⟨
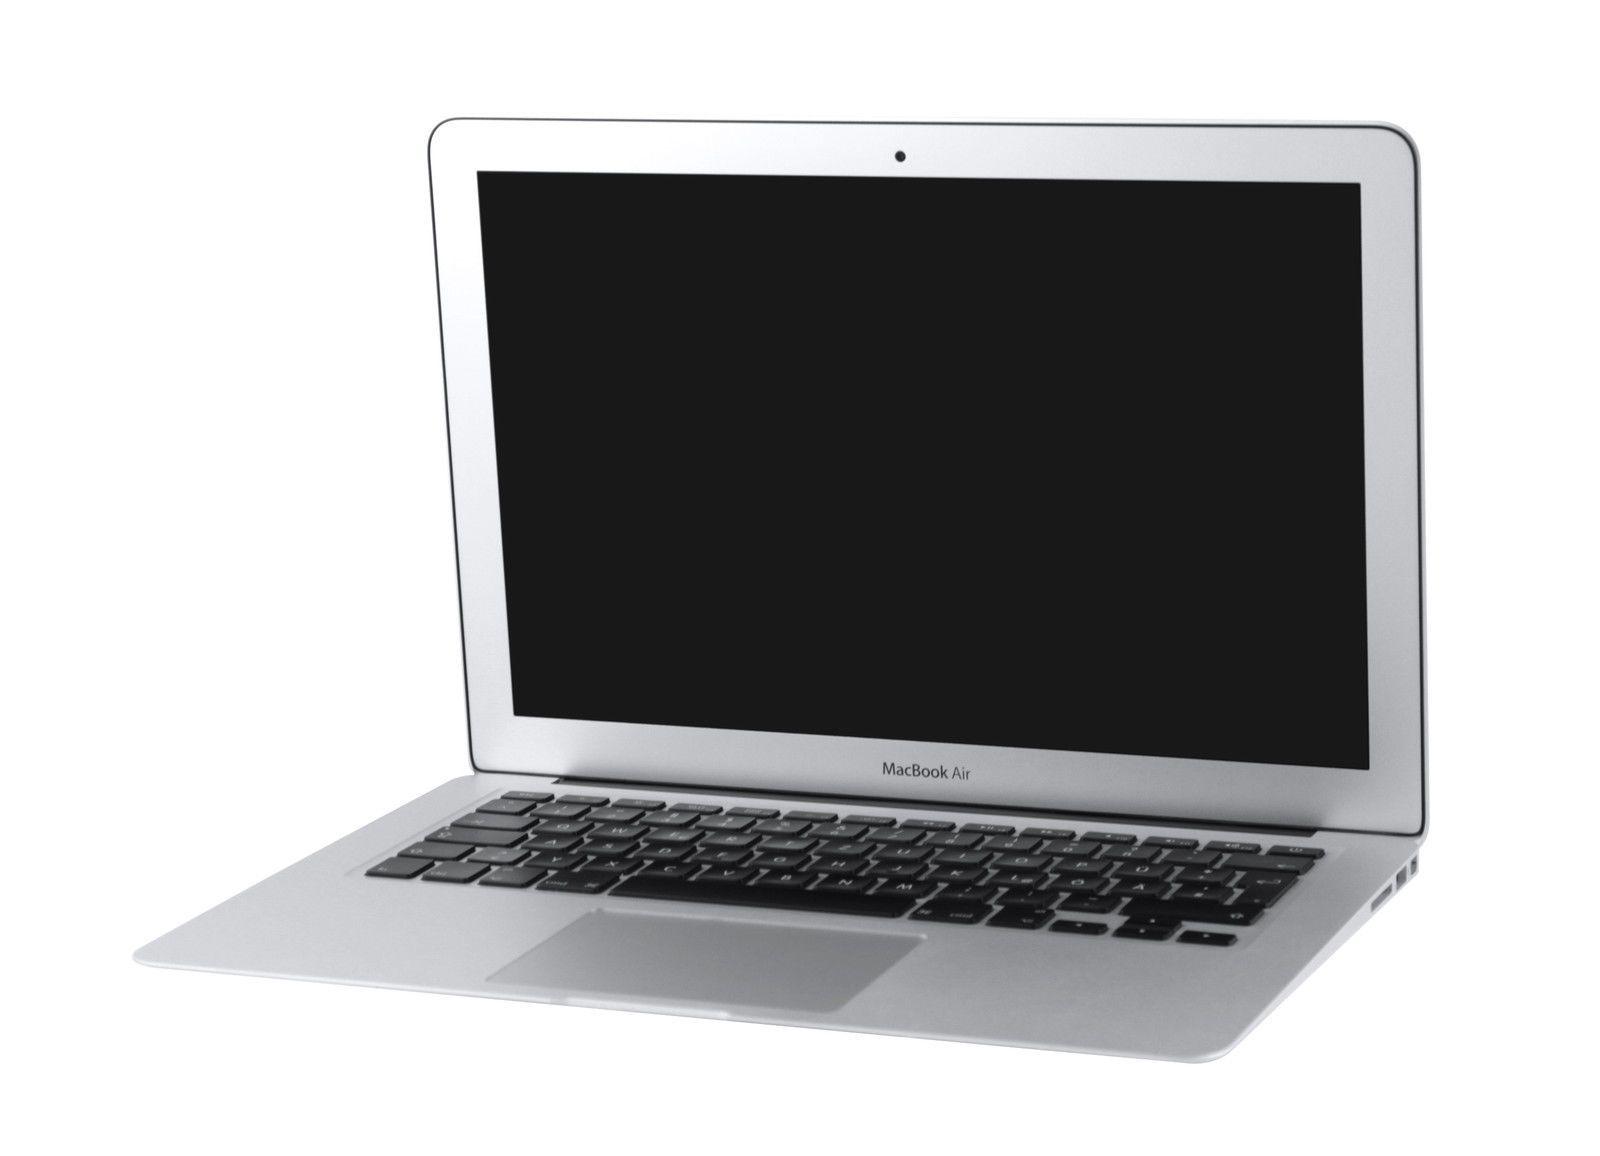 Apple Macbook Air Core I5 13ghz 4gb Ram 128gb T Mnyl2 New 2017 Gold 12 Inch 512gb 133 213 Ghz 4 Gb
⟩
⟨
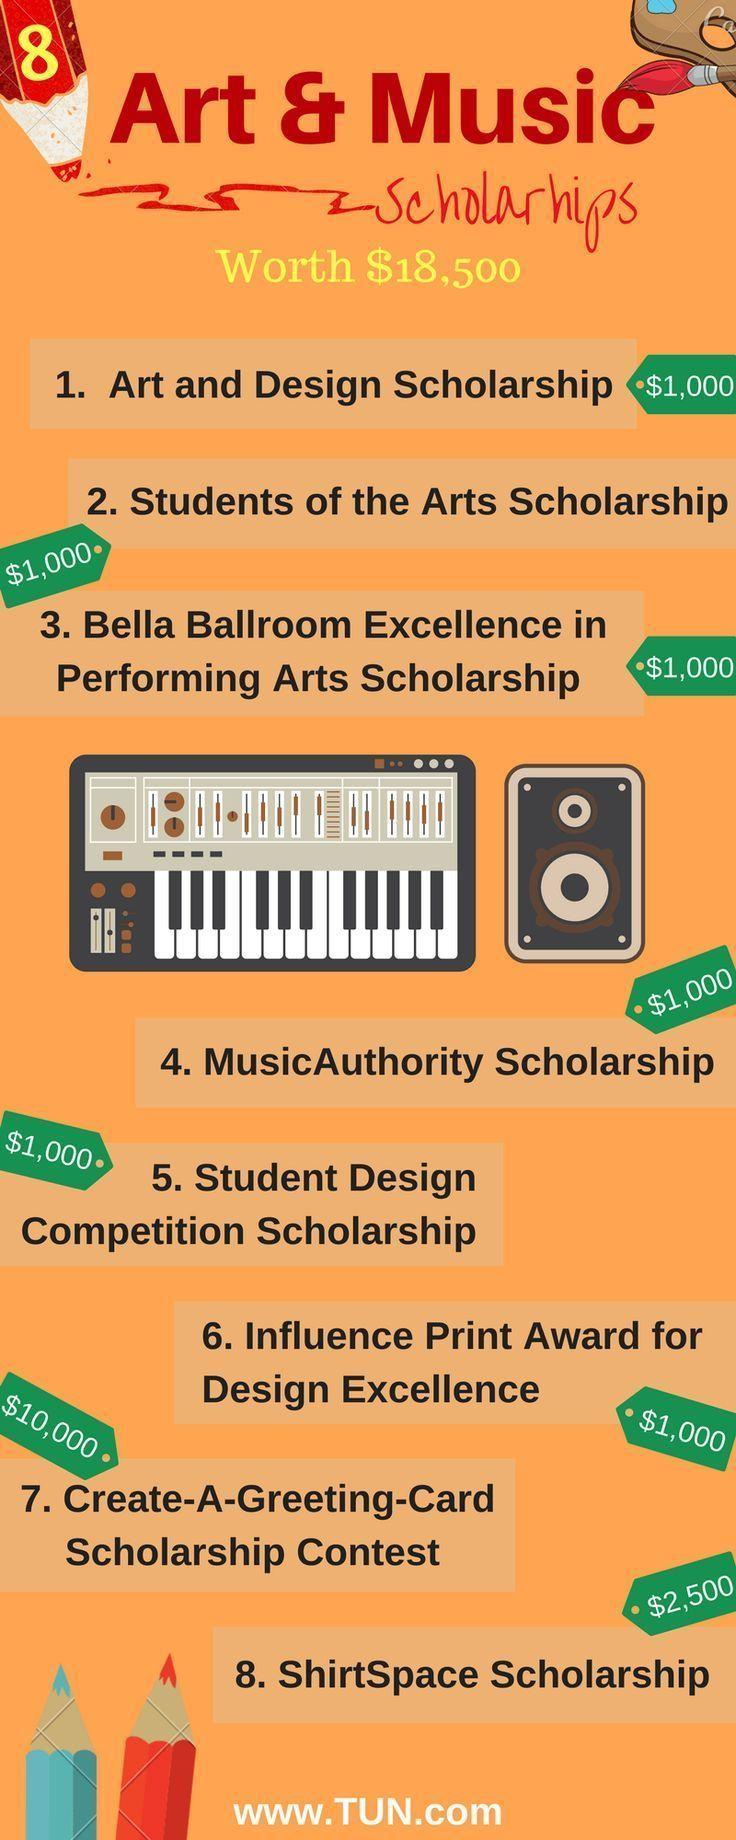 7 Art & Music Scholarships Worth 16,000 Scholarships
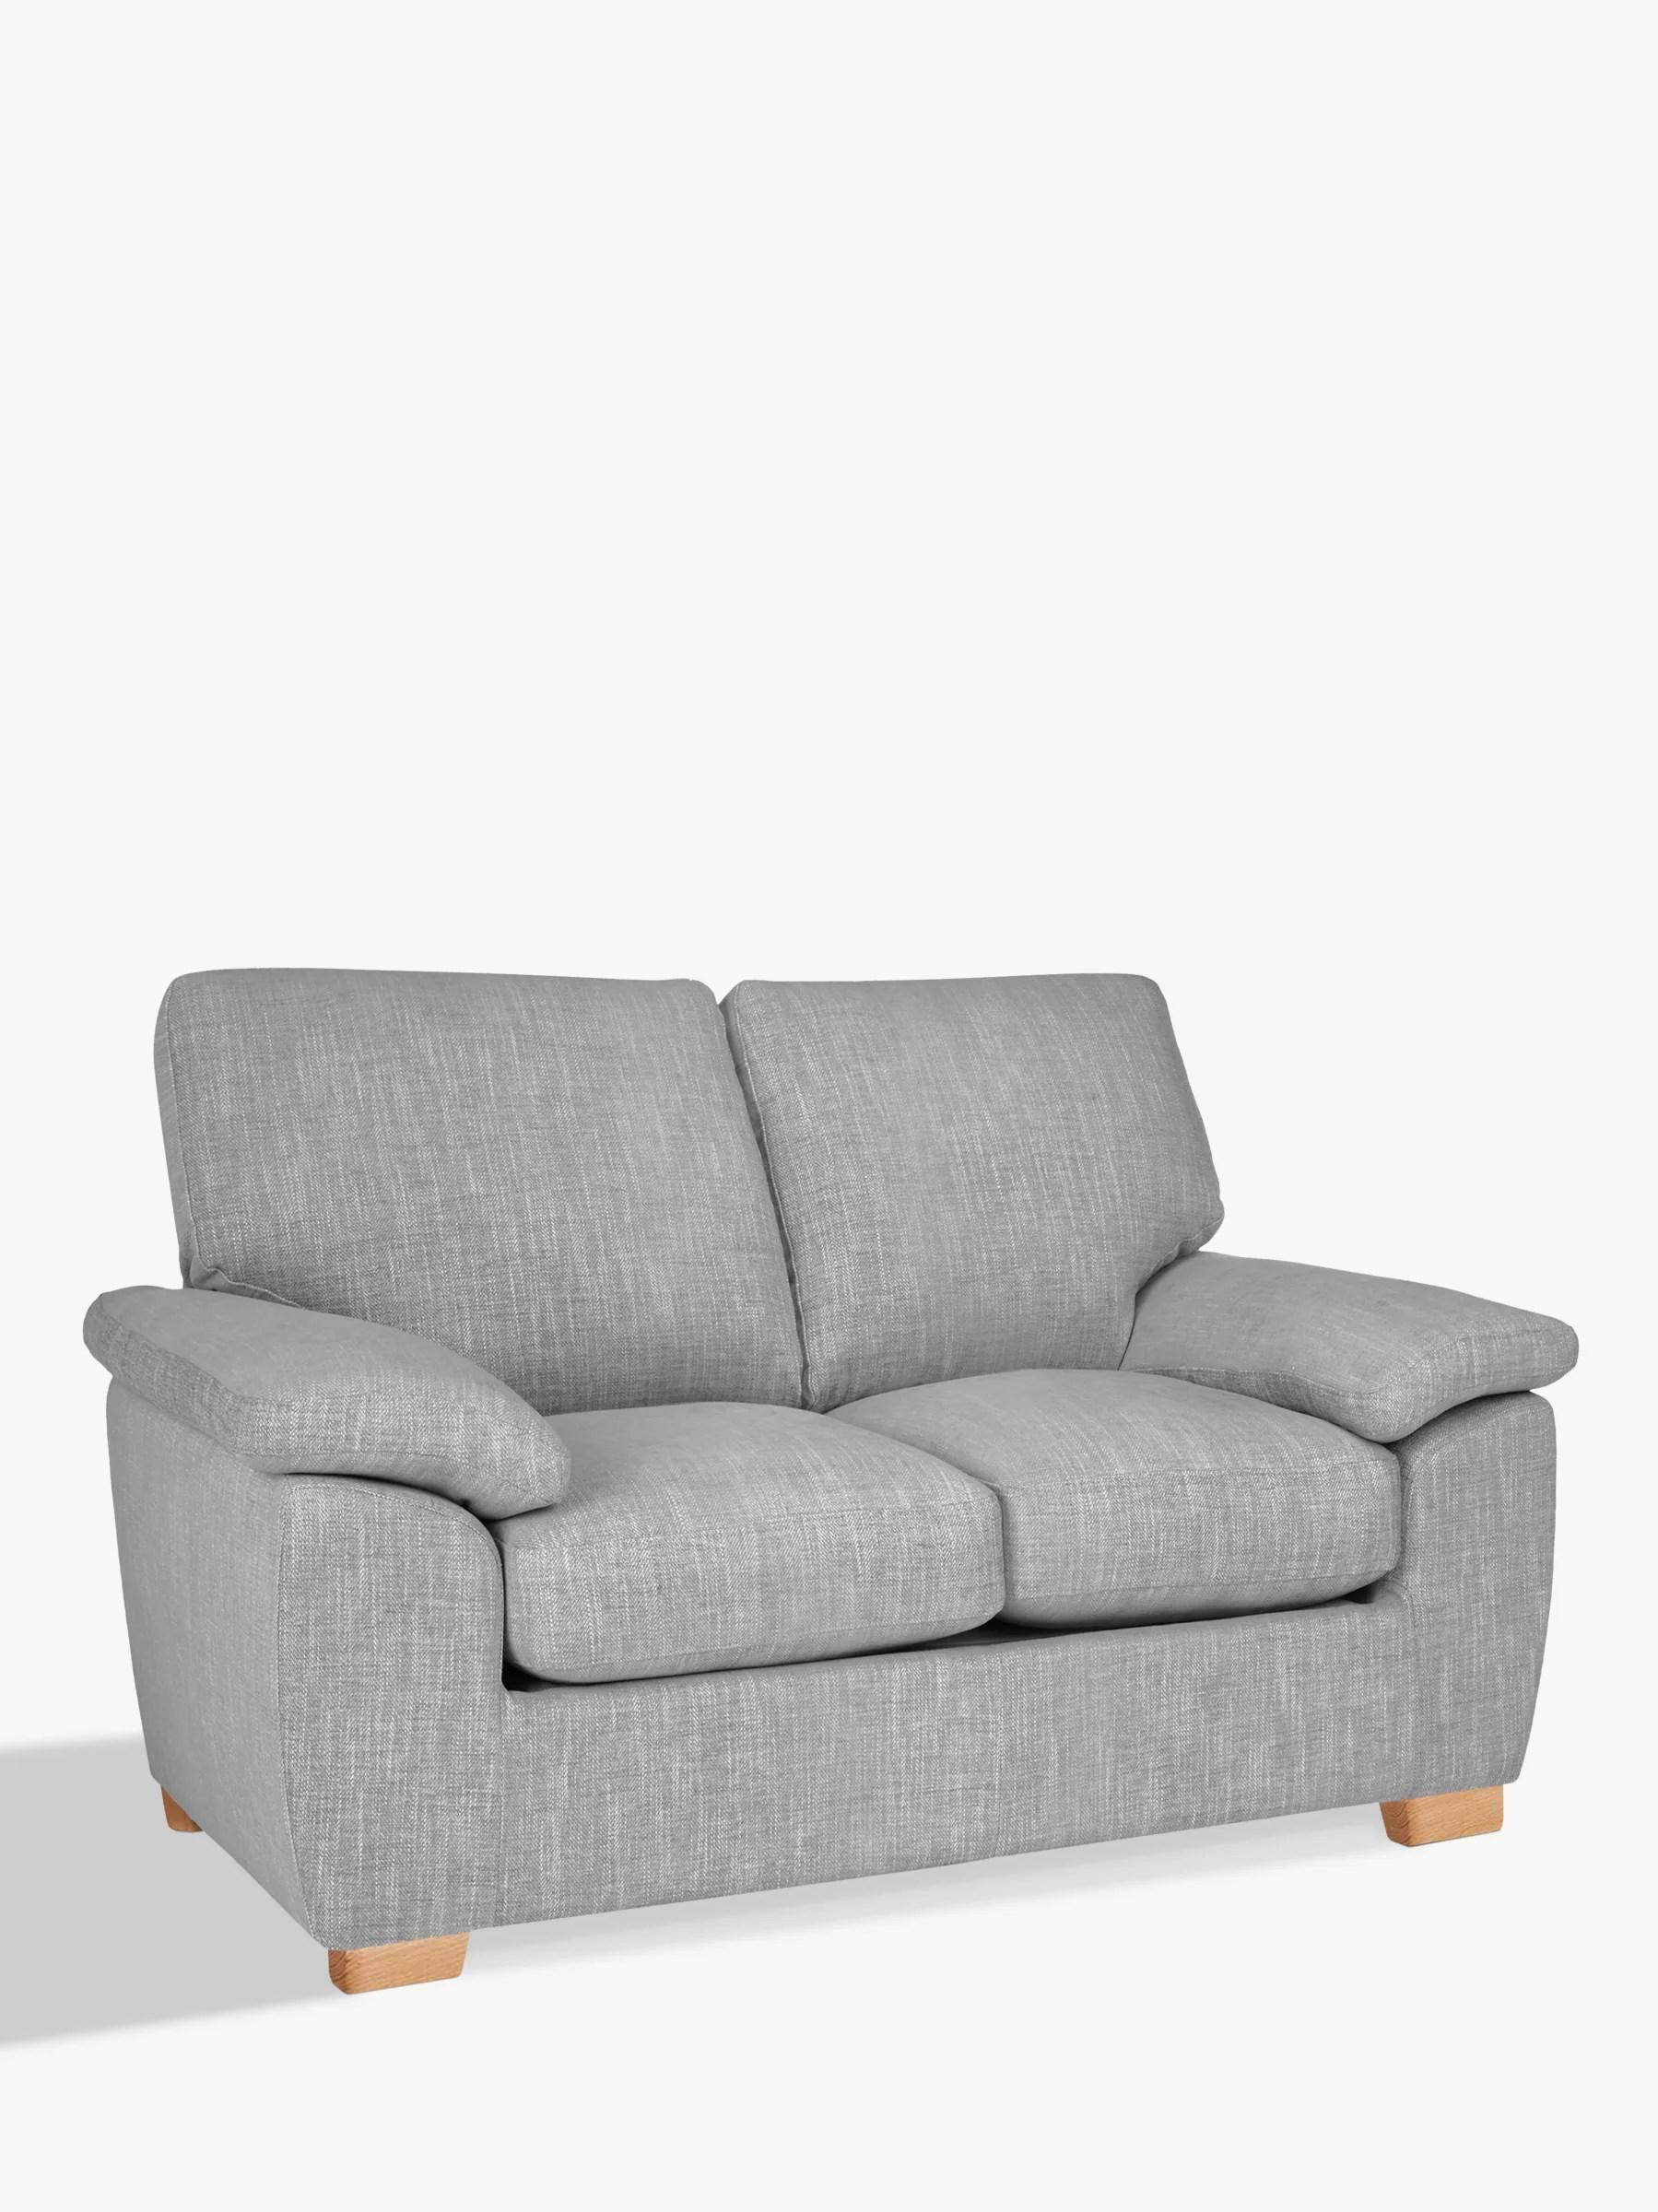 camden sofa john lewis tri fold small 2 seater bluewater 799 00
⟩
- **EXERCISE DESCRIPTION**
Working from the entries above, reproduce exactly and only the lines beginning with the line that has "7 Art & Music" and ending with the line that has "camden sofa john"; omit all pictures.

- **SOLUTION TO THE PROBLEM**
 7 Art & Music Scholarships Worth 16,000 Scholarships
 camden sofa john lewis tri fold small 2 seater bluewater 799 00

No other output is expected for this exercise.